Reproducibility of Functional Connectivity and Graph Measures Based on the Phase Lag Index (PLI) and Weighted Phase Lag Index (wPLI) Derived from High Resolution EEG

Abstract
Functional connectivity (FC) and graph measures provide powerful means to analyze complex networks. The current study determines the inter-subject-variability using the coefficient of variation (CoV) and long-term test-retest-reliability (TRT) using the intra-class correlation coefficient (ICC) in 44 healthy subjects with 35 having a follow-up at years 1 and 2. FC was estimated from 256-channel-EEG by the phase-lag-index (PLI) and weighted PLI (wPLI) during an eyes-closed resting state condition. PLI quantifies the asymmetry of the distribution of instantaneous phase differences of two time-series and signifies, whether a consistent non-zero phase lag exists. WPLI extends the PLI by additionally accounting for the magnitude of the phase difference. Signal-space global and regional PLI/wPLI and weighted first-order graph measures, i.e. normalized clustering coefficient (gamma), normalized average path length (lambda), and the small-world-index (SWI) were calculated for theta-, alpha1-, alpha2- and beta-frequency bands. Inter-subject variability of global PLI was low to moderate over frequency bands (0.12<CoV<0.28), higher for wPLI (0.25<CoV<0.55) and very low for gamma, lambda and SWI (CoV<0.048). TRT was good to excellent for global PLI/wPLI (0.68<ICC<0.80), regional PLI/wPLI (0.58<ICC<0.77), and fair to good for graph measures (0.32<ICC<0.73) except wPLI-based lambda in alpha1 (ICC = 0.12). Inter-electrode distance correlated very weakly with inter-electrode PLI (−0.06<rho<0) and weakly with inter-electrode wPLI (−0.22<rho<−0.18).

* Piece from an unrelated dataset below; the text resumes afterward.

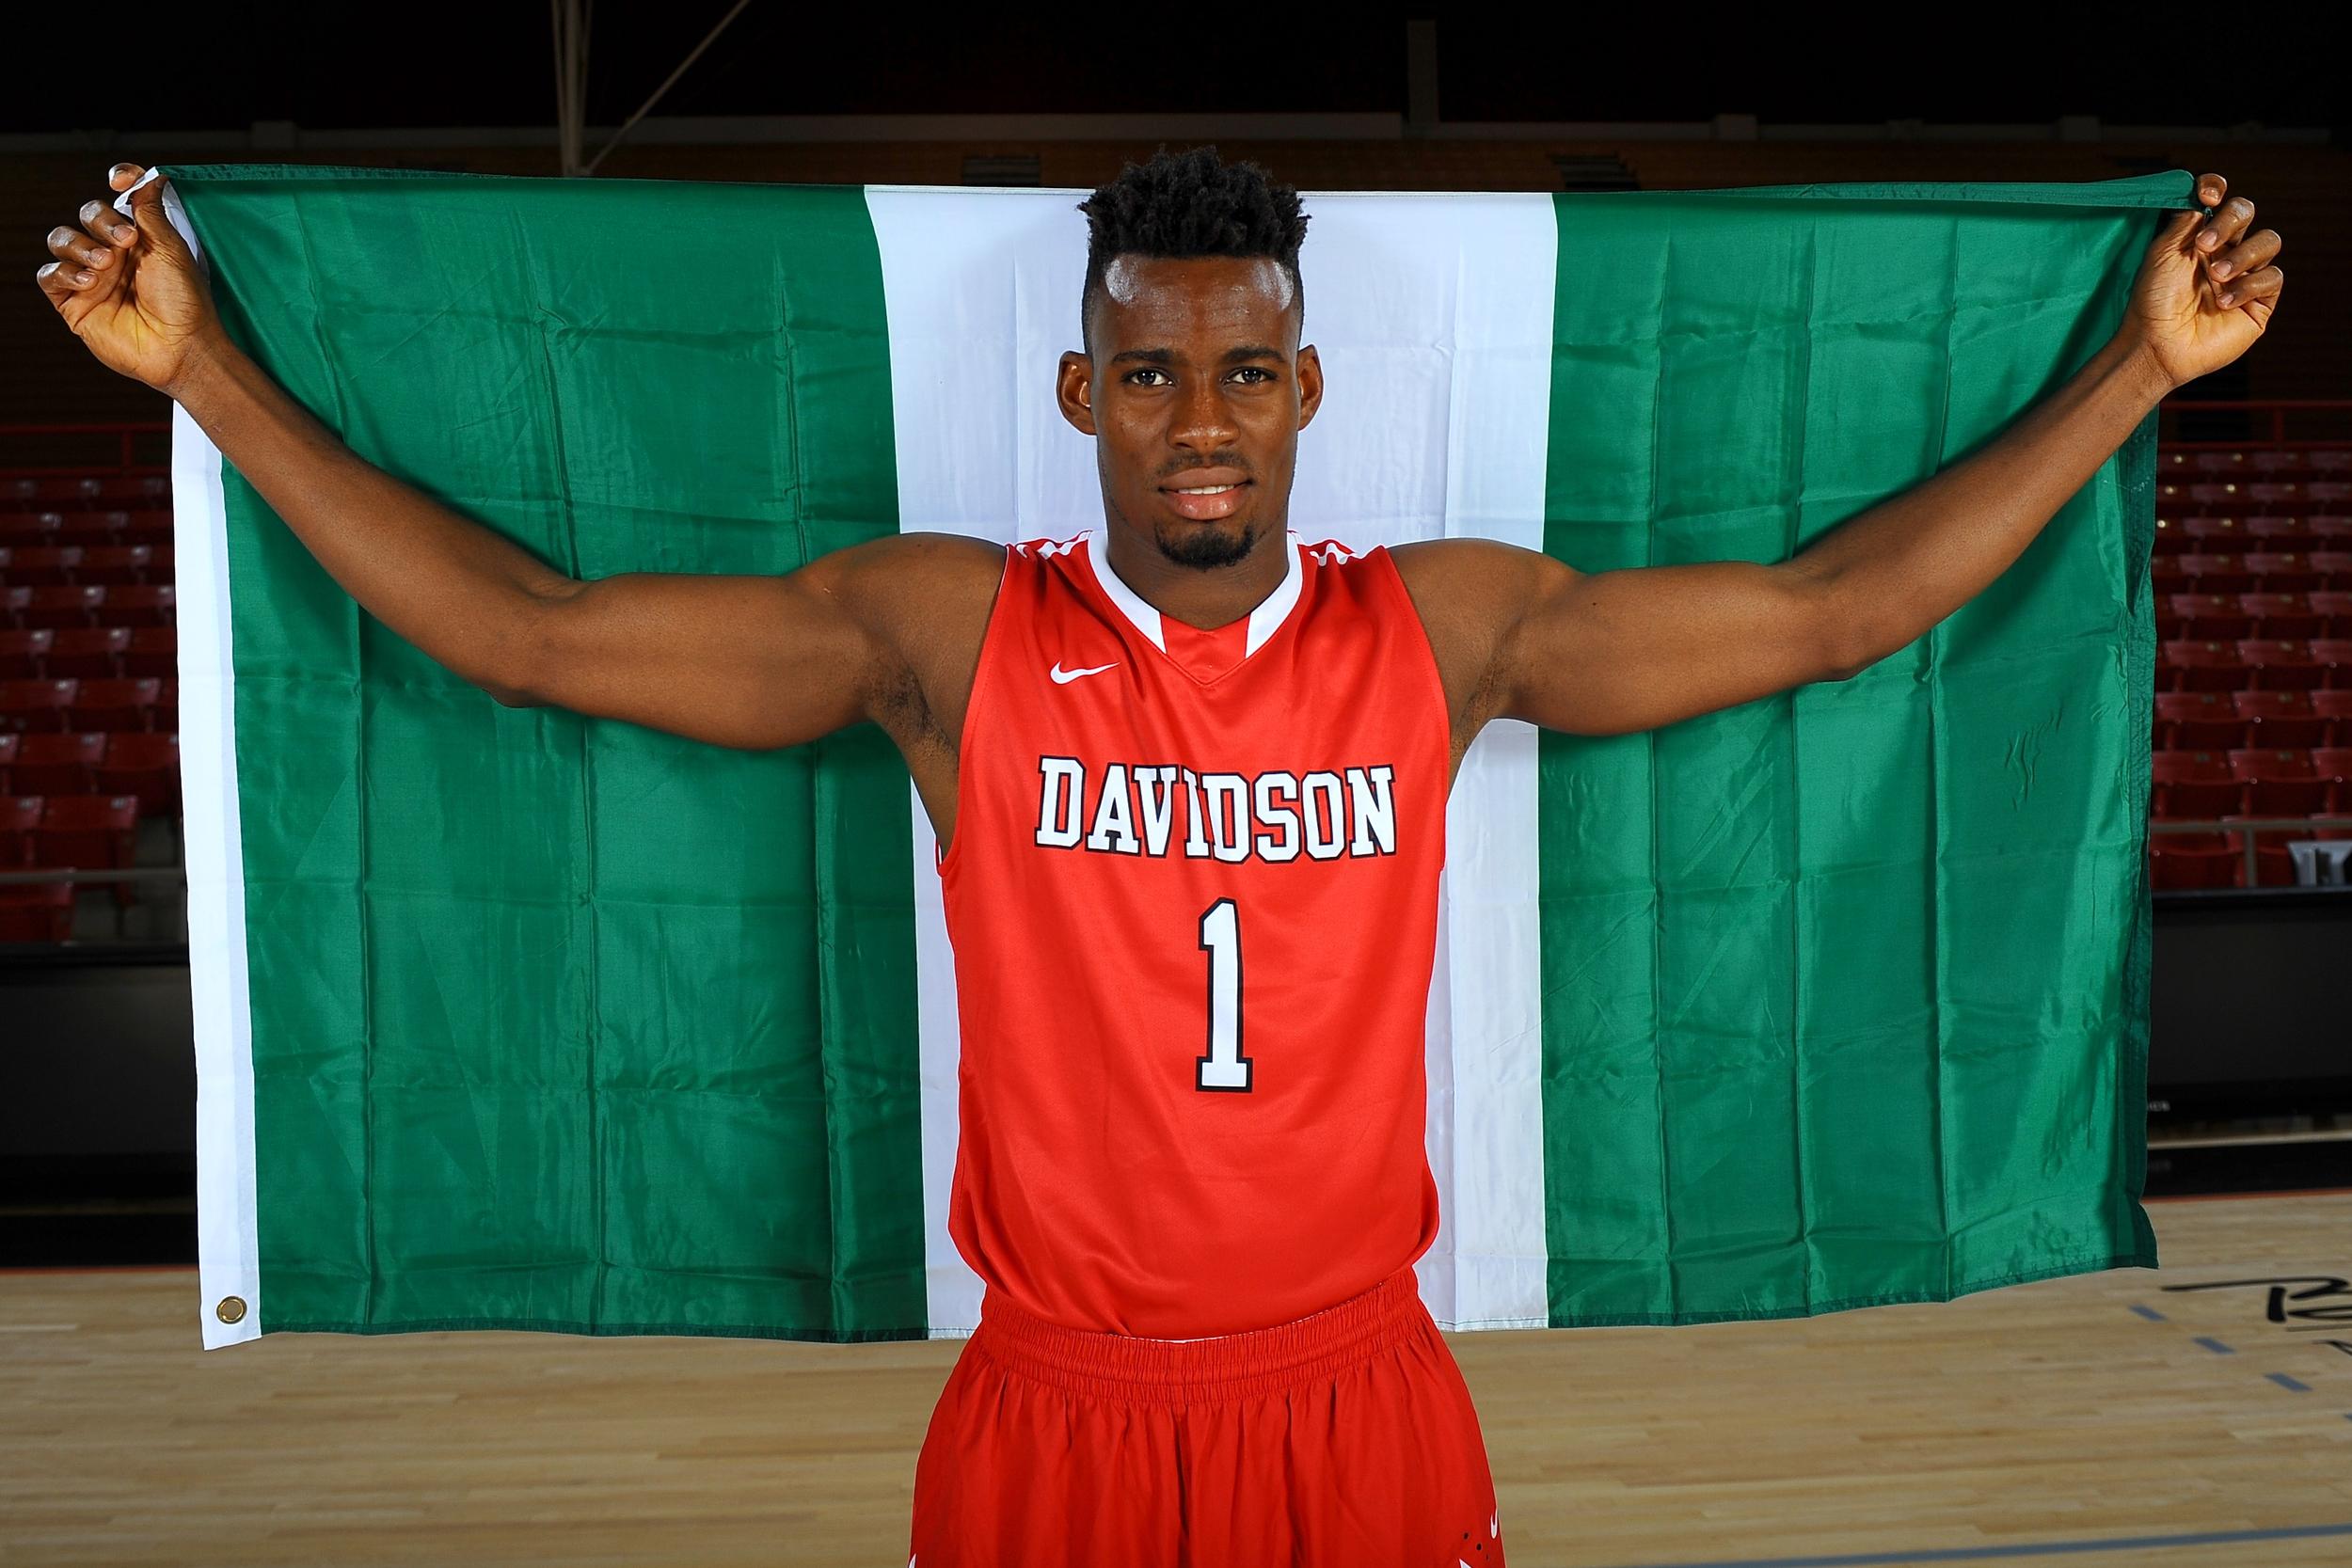 19 October 2014:  Davidson men's basketball pose for their annual team photos at Belk Arena in Davidson, North Carolina. Credit - Tim Cowie - DavidsonPhotos.com

Global PLI/wPLI and topographic connectivity patterns differed between frequency bands, and all individual networks showed a small-world-configuration. PLI/wPLI based network characterization derived from high-resolution EEG has apparently good reliability, which is one important requirement for longitudinal studies exploring the effects of chronic brain diseases over several years.